Goal of the exercise: Write out the lines below once more, exactly as they appear. Do not include pictures.

Collected data:
*****
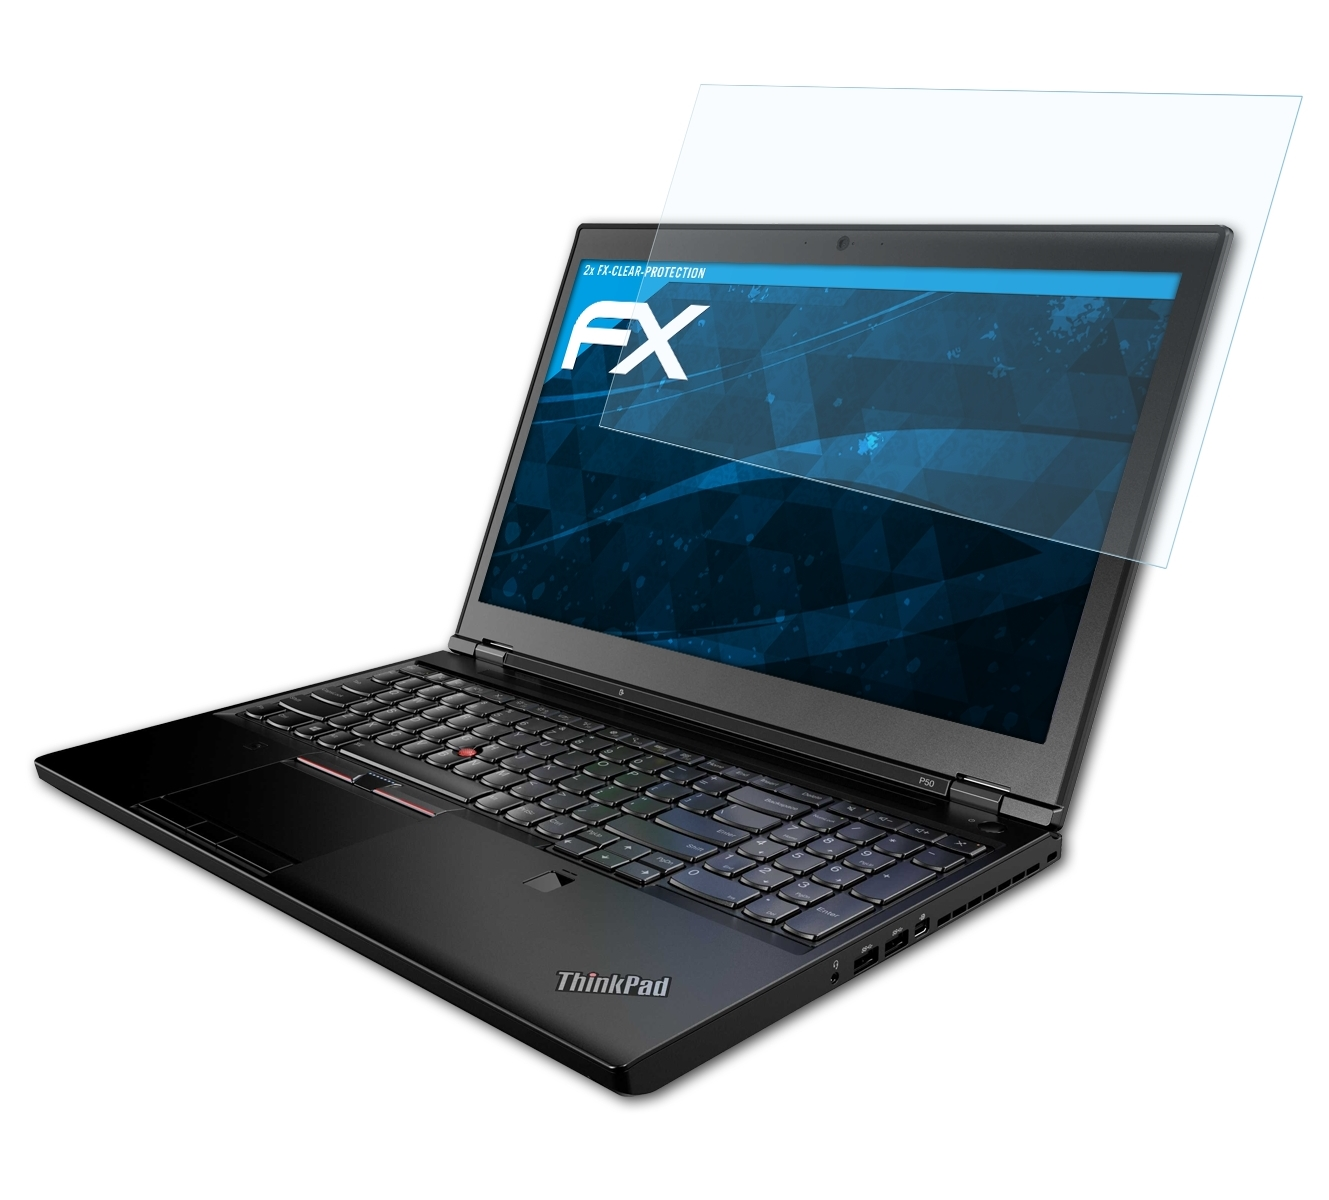 ThinkPad P50) ATFOLIX FX-Clear 2x Lenovo Displayschutz(für
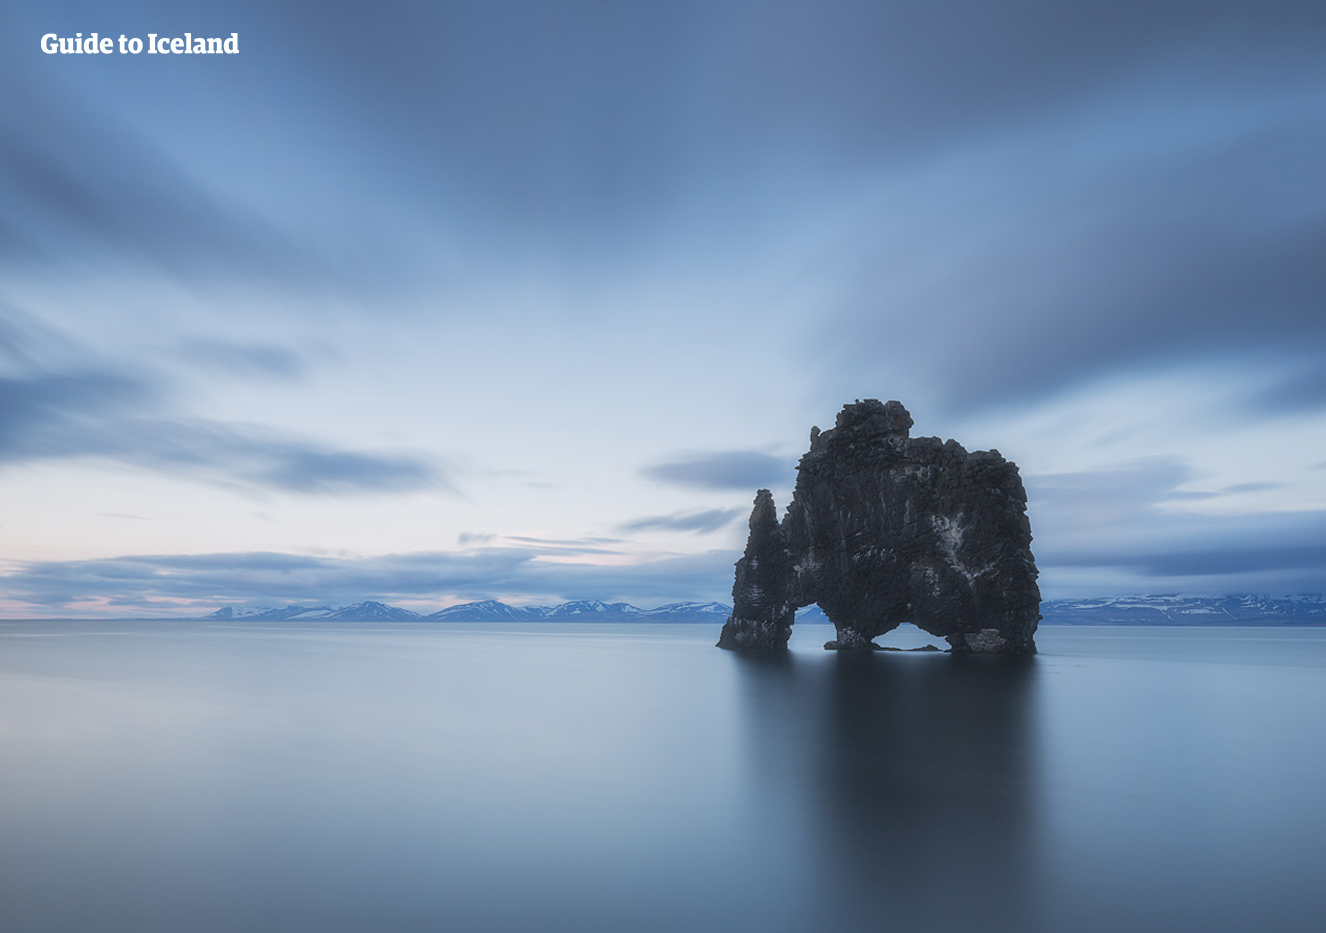 Malownicza formacja skalna Hvítserkur w północnej Islandii, wynurzająca się z oceanu niczym przerażający smok
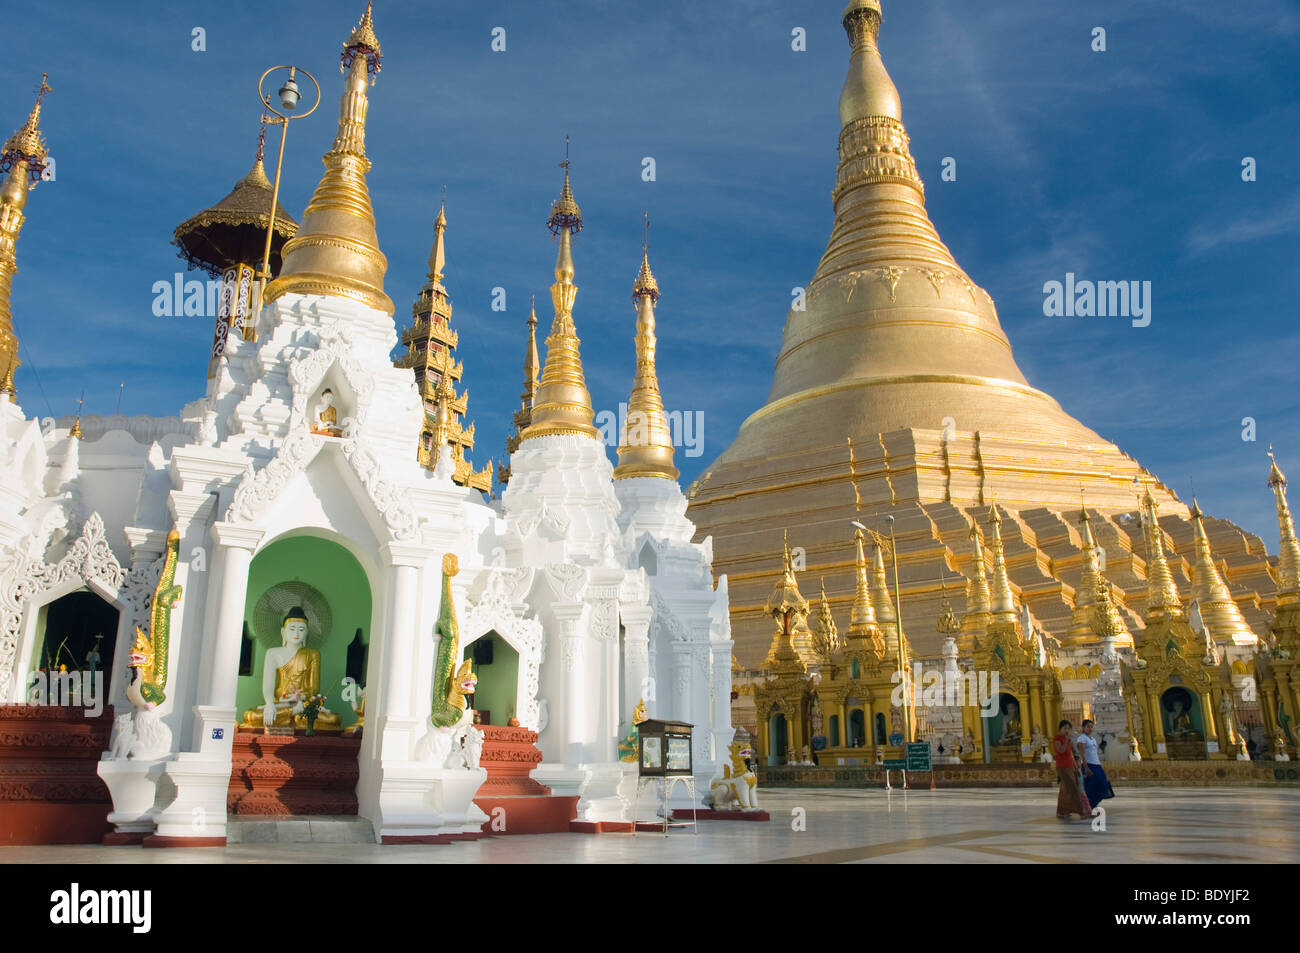 Golden stupa, Shwedagon pagoda, temple, Rangoon, Yangon, Burma, Myanmar, Asia Stock Photo
*****
Answer area:
 ThinkPad P50) ATFOLIX FX-Clear 2x Lenovo Displayschutz(für
 Malownicza formacja skalna Hvítserkur w północnej Islandii, wynurzająca się z oceanu niczym przerażający smok
 Golden stupa, Shwedagon pagoda, temple, Rangoon, Yangon, Burma, Myanmar, Asia Stock Photo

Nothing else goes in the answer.